Taher Altaf, Pushpanathan Chitra
Department of Anatomical Pathology, Memorial University of Newfoundland, Health Sciences Centre Laboratory, St John's, Newfoundland and Labrador, Canada.
Arch Pathol Lab Med. 2007 Jul;131(7):1135-8. doi: 10.5858/2007-131-1135-PFTABR.

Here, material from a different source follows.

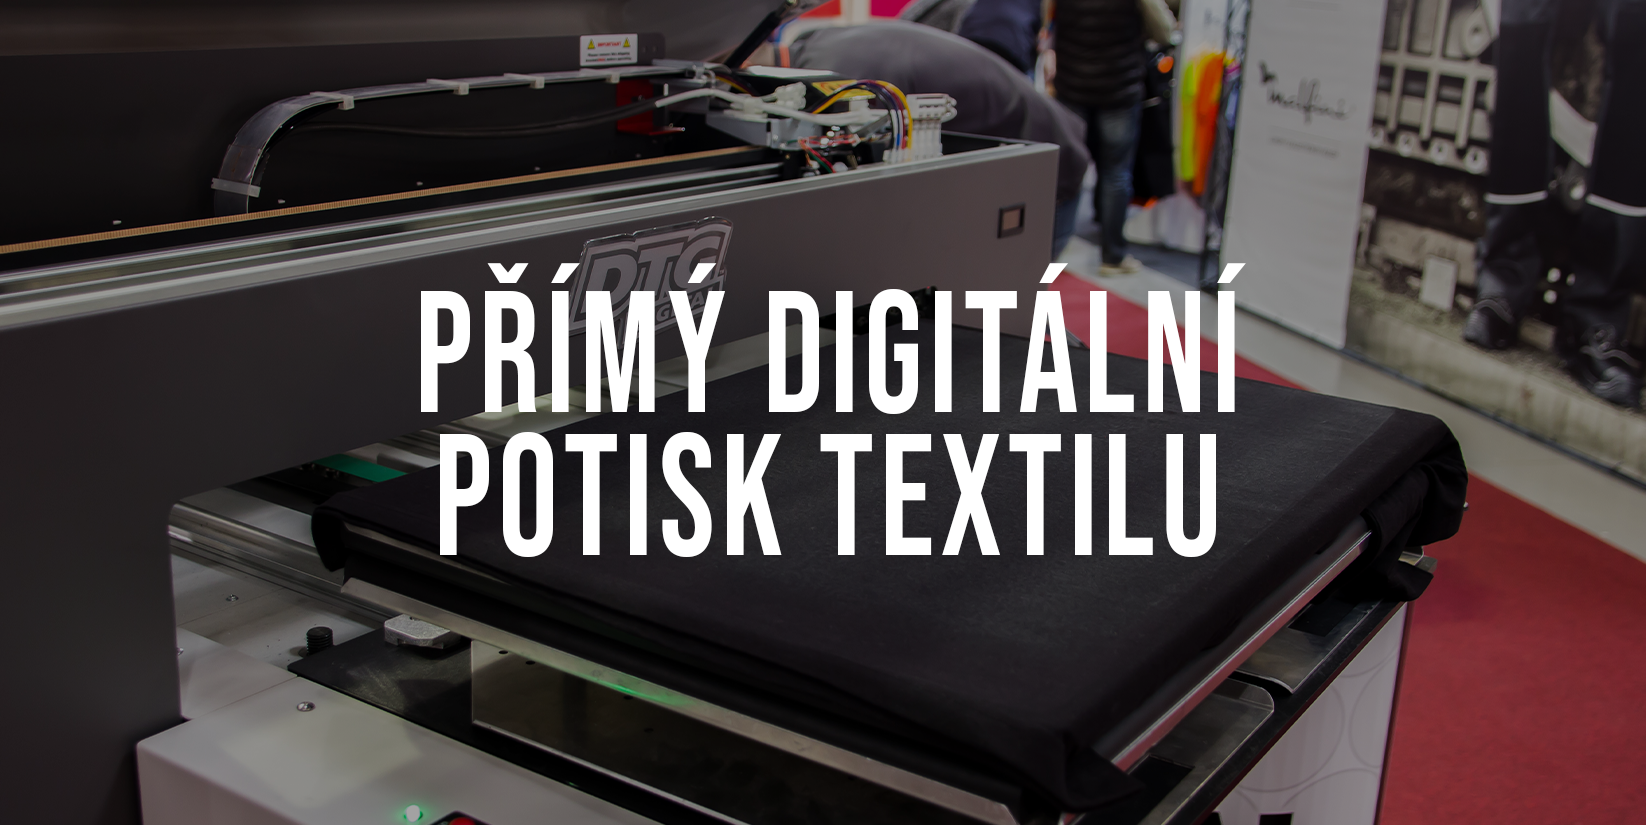 Přímý digitální potisk textilu je nejmodernější metodou současné doby
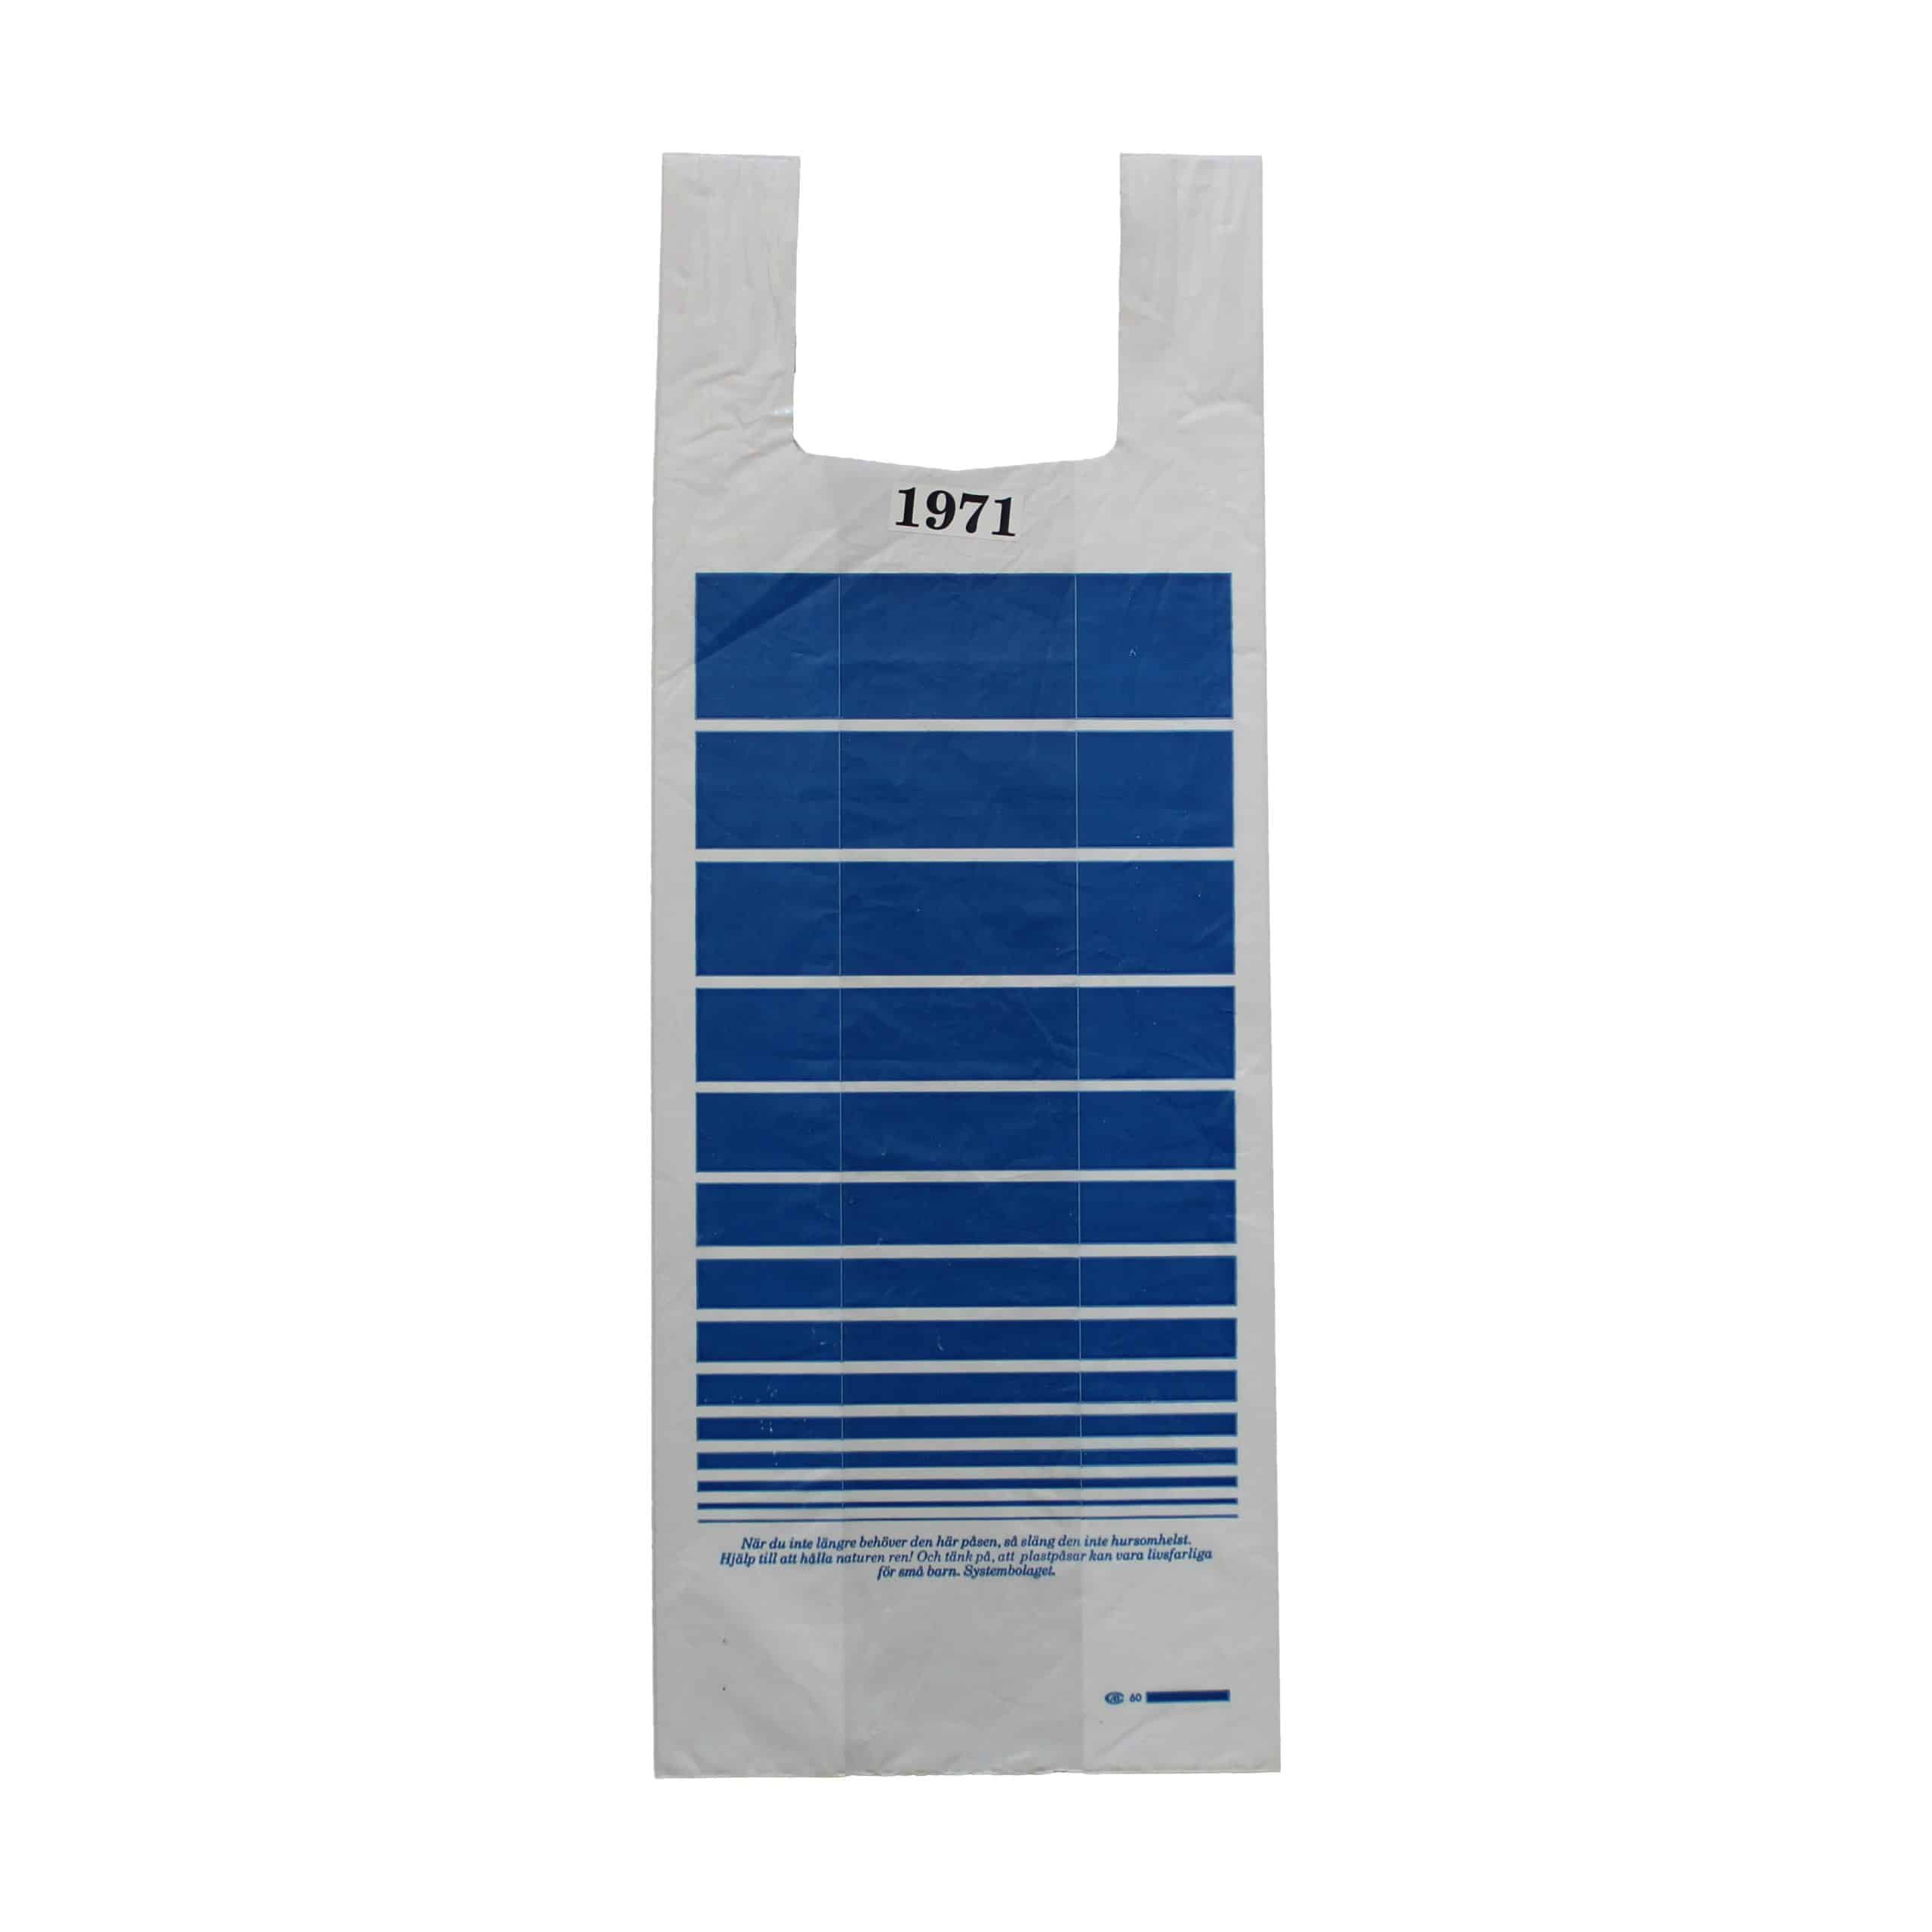 Vit plastpåse med blått tryckMönster.Tidpunkt: 1971; Deponent: Systembolaget / Systembolaget AB; Motiv-ID: SYS010013

Plexiform fibrohistiocytic tumor is a rare mesenchymal neoplasm of intermediate malignancy, first reported by Enzinger and Zhang in 1988. It has a predilection for children and young adults but can occur at any age. The tumor usually involves the upper limbs as a slow-growing, painless mass. The tumor has a high local recurrence rate but metastasizes only rarely. Histologically, the tumor is characterized by poorly demarcated dermal or subcutaneous mass with multinodular plexiform growth and fibrohistiocytic cytomorphology. There are three distinct recognized growth patterns: fibrohistiocytic, fibroblastic, and mixed types. The tumor displays uniform immunoreactivity for vimentin and CD68. Ultrastructurally, the tumor cells have features of myofibroblasts and histiocyte-like cells. Complete surgical resection of the tumor, preferably with wider margins, is required to prevent local recurrence. Long-term follow-up is necessary to detect any nodal or pulmonary metastasis.
丛状纤维组织细胞瘤是一种罕见的中间型恶性间叶性肿瘤,由恩津格和张于1988年首次报道。它好发于儿童和年轻人,但可发生于任何年龄。肿瘤通常累及上肢,表现为生长缓慢、无痛性肿块。该肿瘤局部复发率高,但很少发生转移。组织学上,肿瘤的特征是边界不清的真皮或皮下肿块,呈多结节丛状生长,具有纤维组织细胞的细胞形态。有三种不同的公认生长模式:纤维组织细胞型、成纤维细胞型和混合型。肿瘤对波形蛋白和CD68显示一致的免疫反应性。超微结构上,肿瘤细胞具有肌成纤维细胞和组织细胞样细胞的特征。需要完整切除肿瘤,最好切缘更宽,以防止局部复发。需要长期随访以检测任何淋巴结或肺转移。